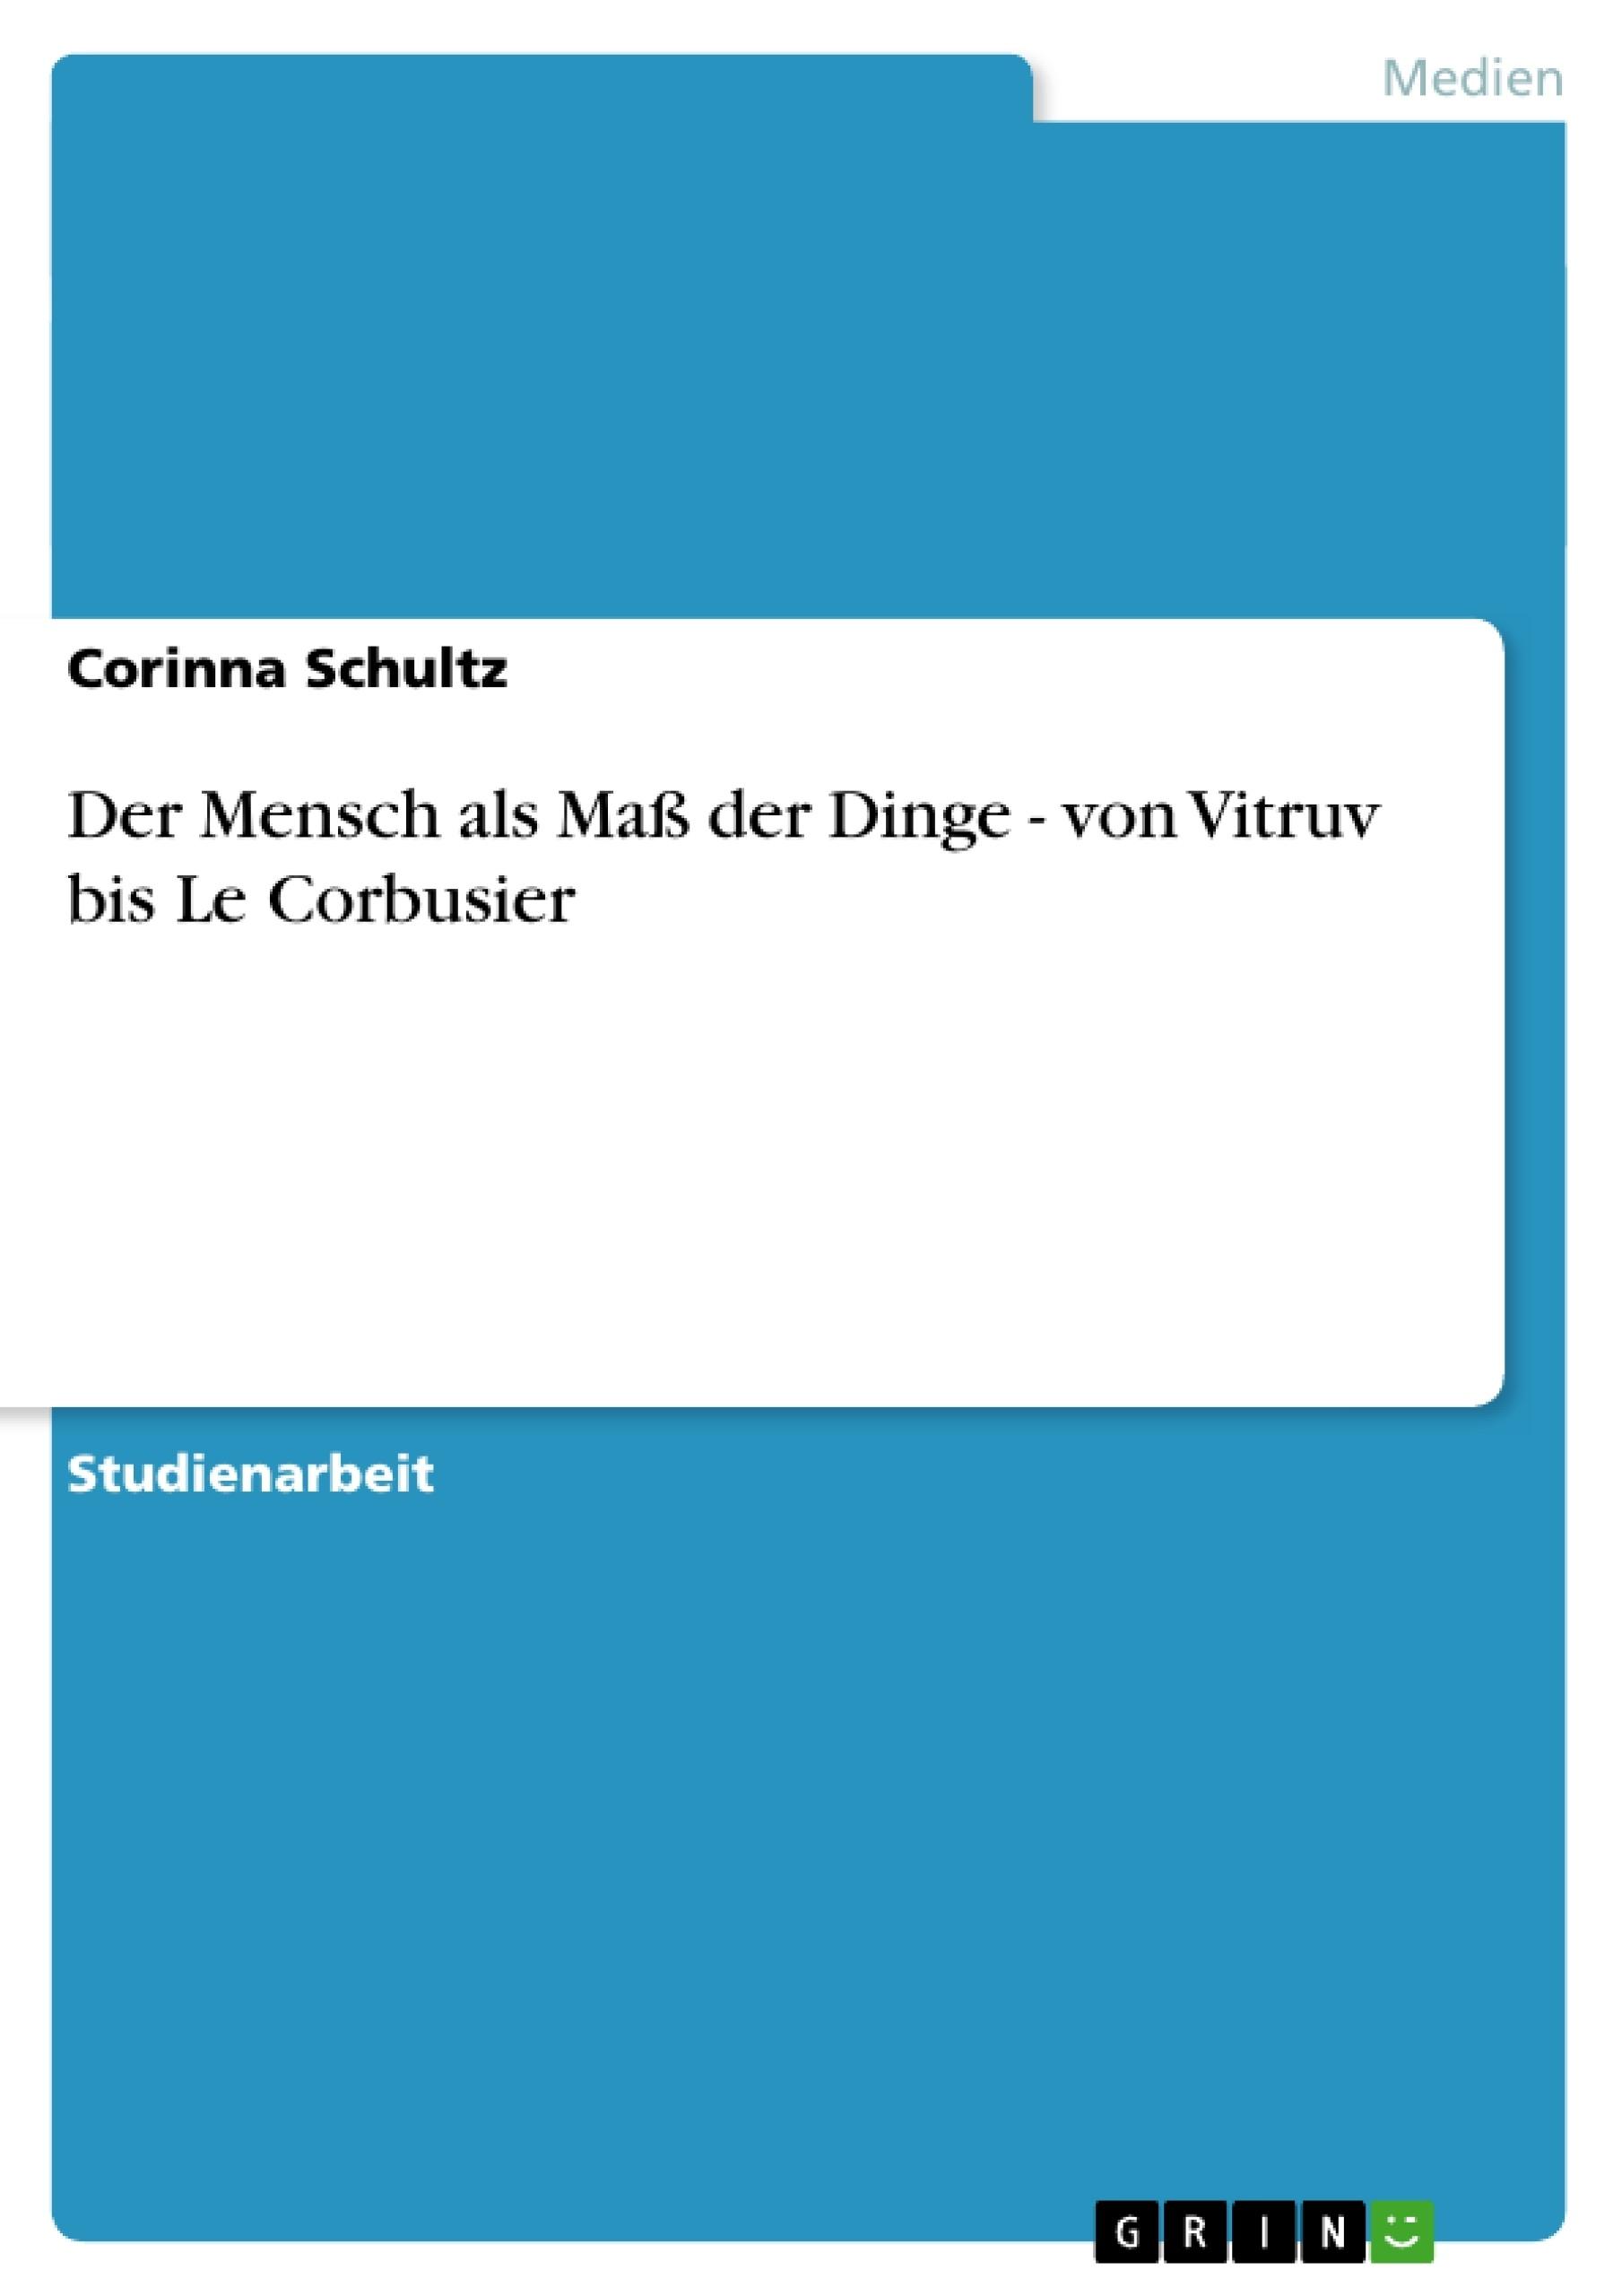 Titel: Der Mensch als Maß der Dinge - von Vitruv bis Le Corbusier
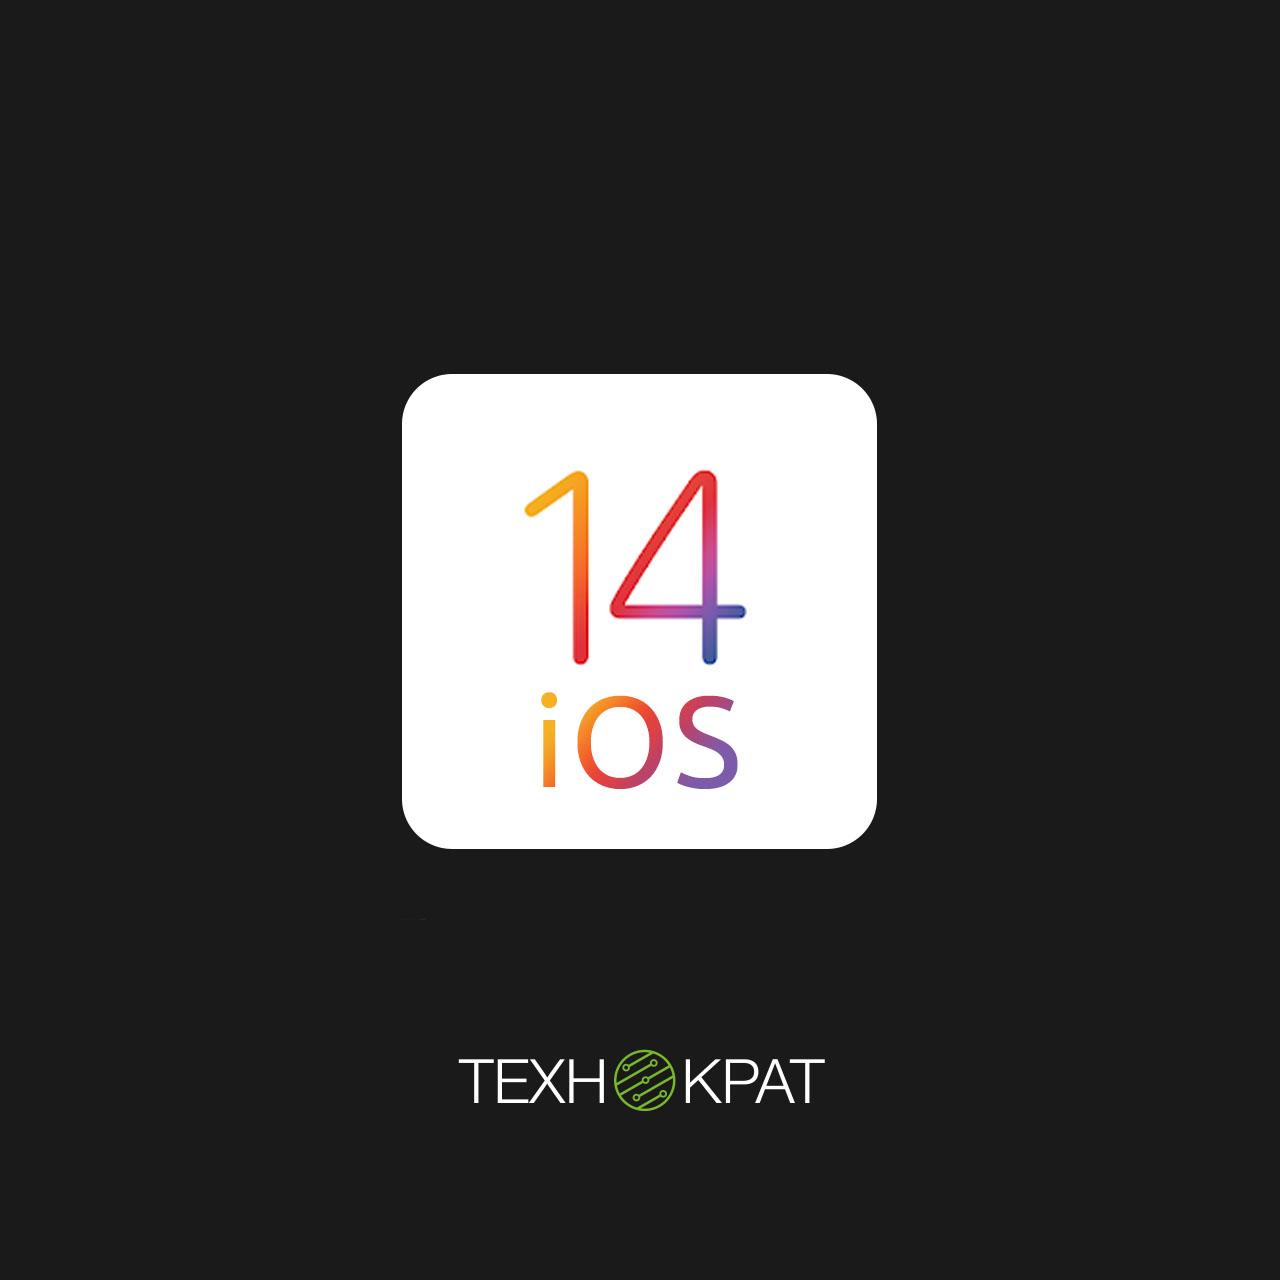 3 приголомшливі фішки iOS 14 про які ви не знали 😉
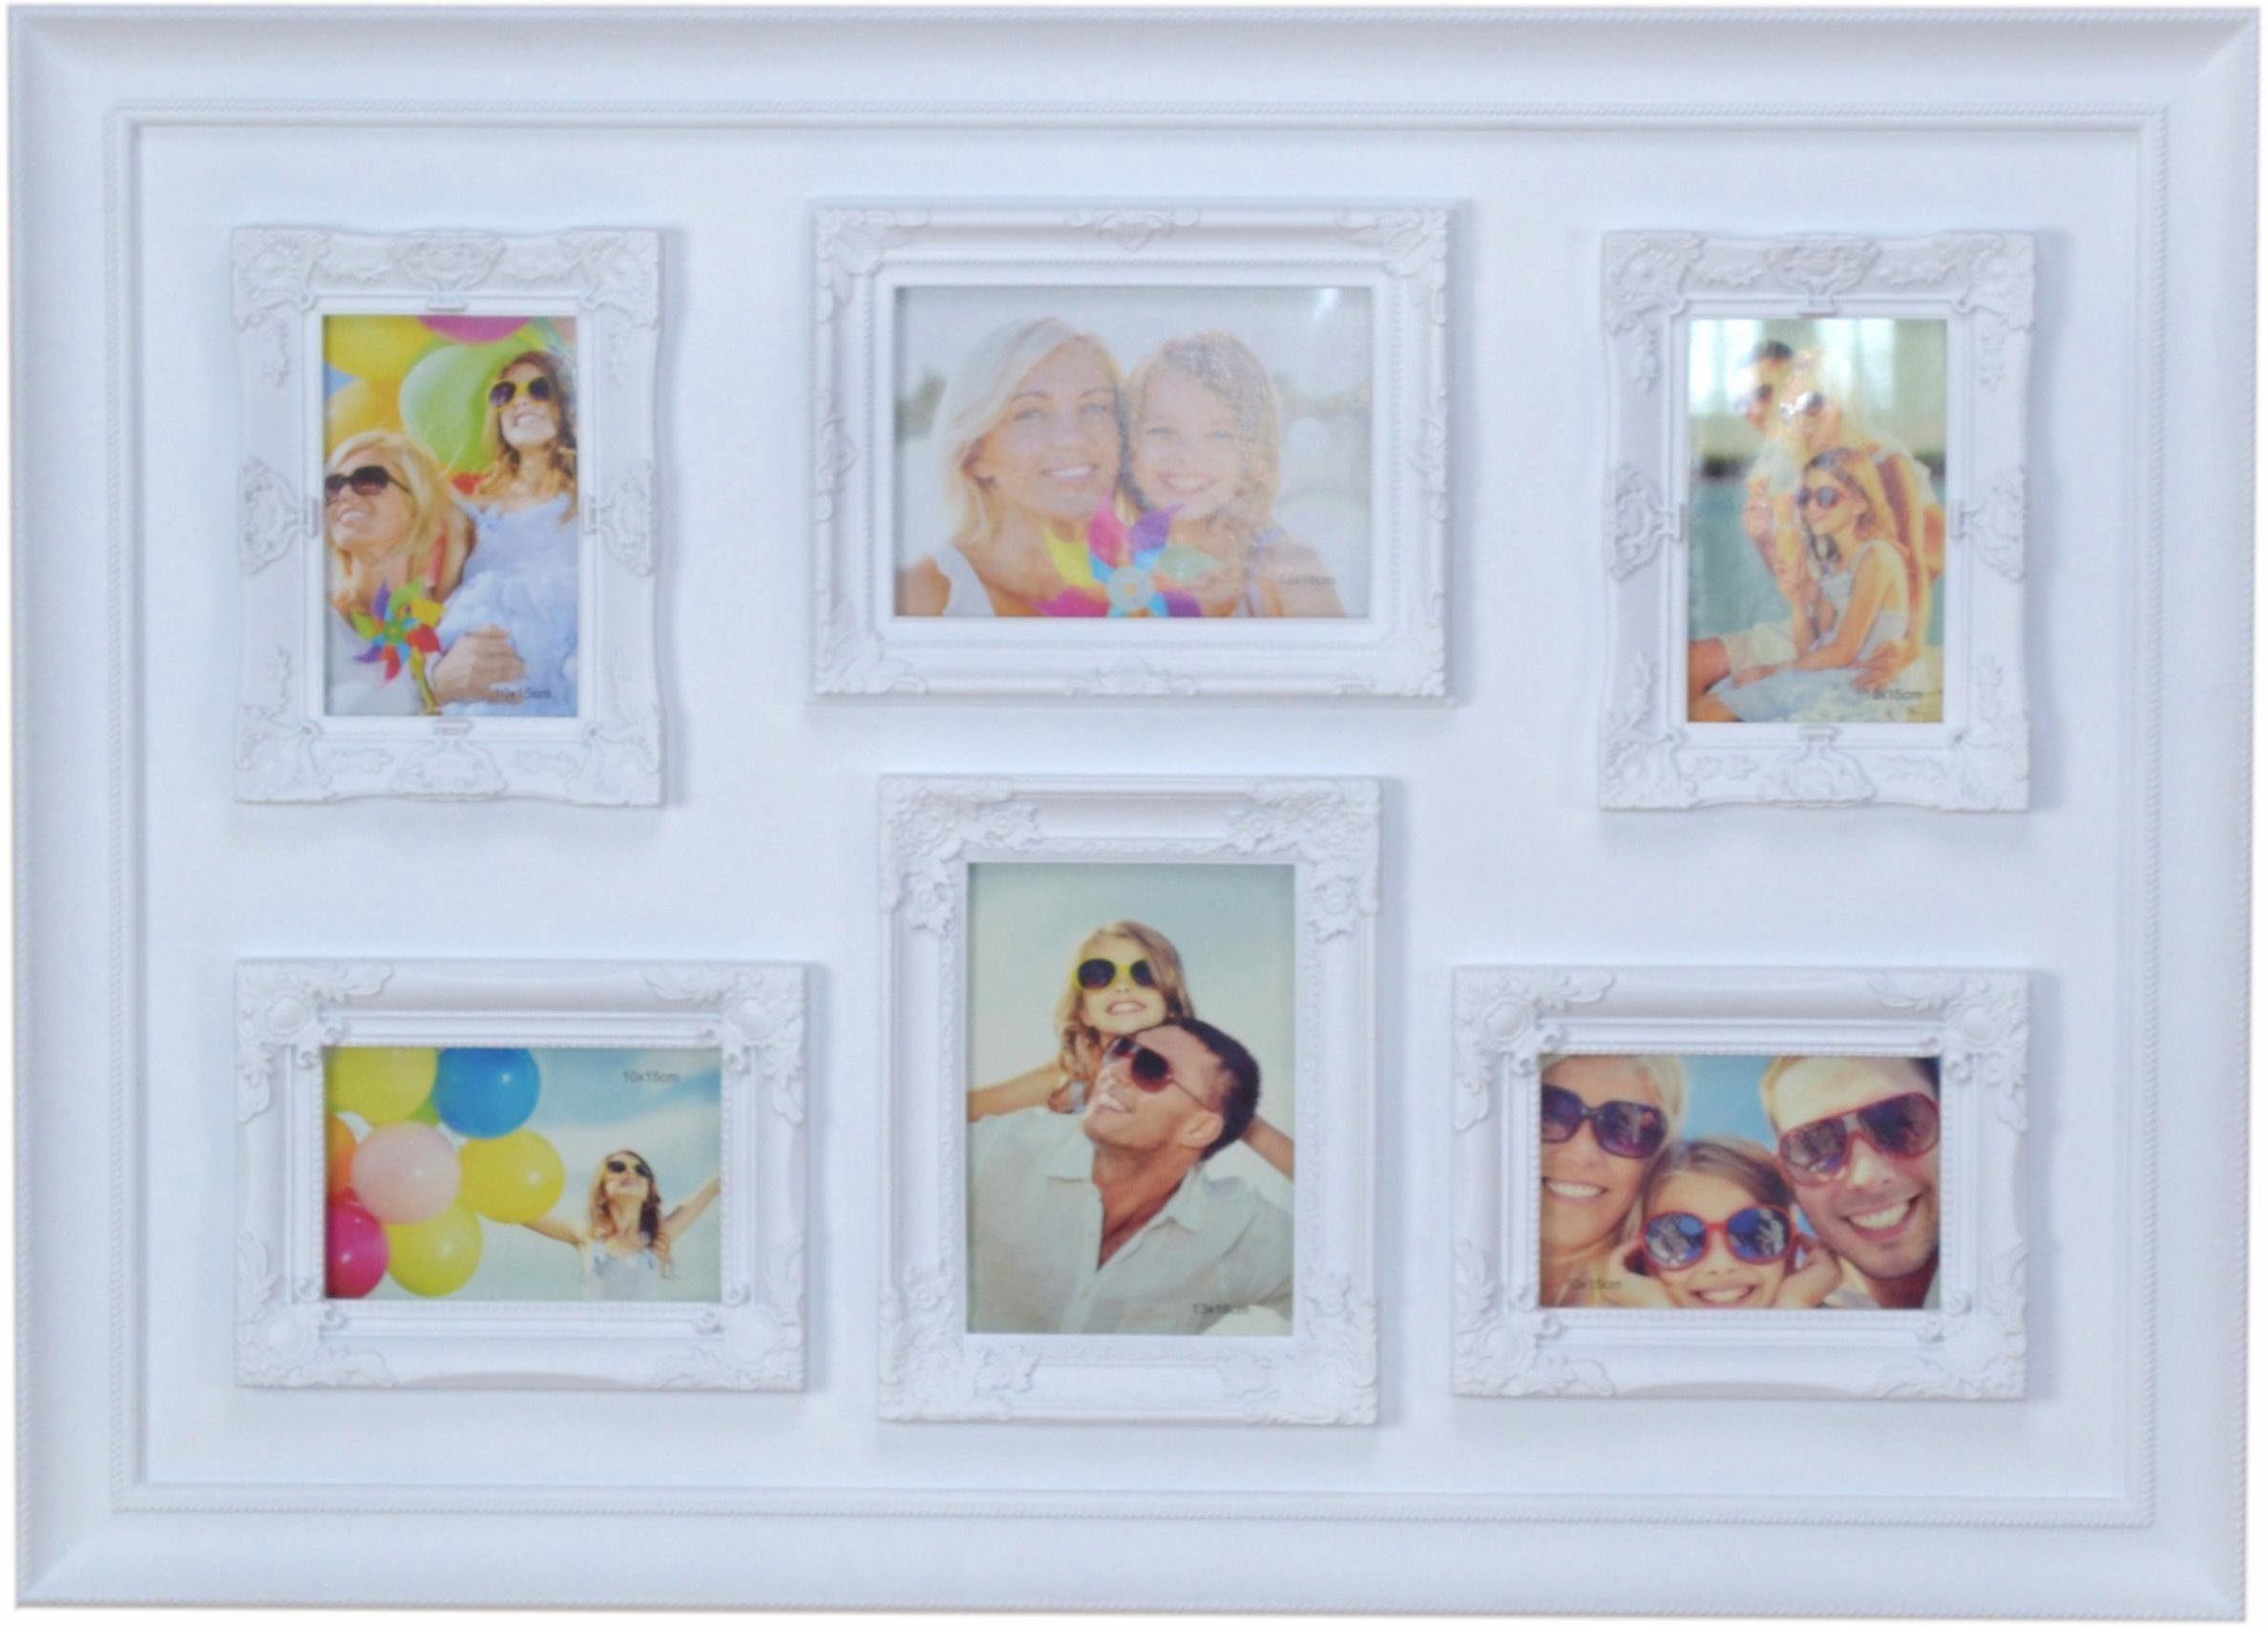 Home affaire Bilderrahmen, für 6 Bilder, mit Rahmenprofilierung für 6 Fotos

• Exercise: Without the pictures, transcribe the listing exactly as it stands.

• Your solution:
 Titel: Der Mensch als Maß der Dinge - von Vitruv bis Le Corbusier
 3 приголомшливі фішки iOS 14 про які ви не знали 😉
 Home affaire Bilderrahmen, für 6 Bilder, mit Rahmenprofilierung für 6 Fotos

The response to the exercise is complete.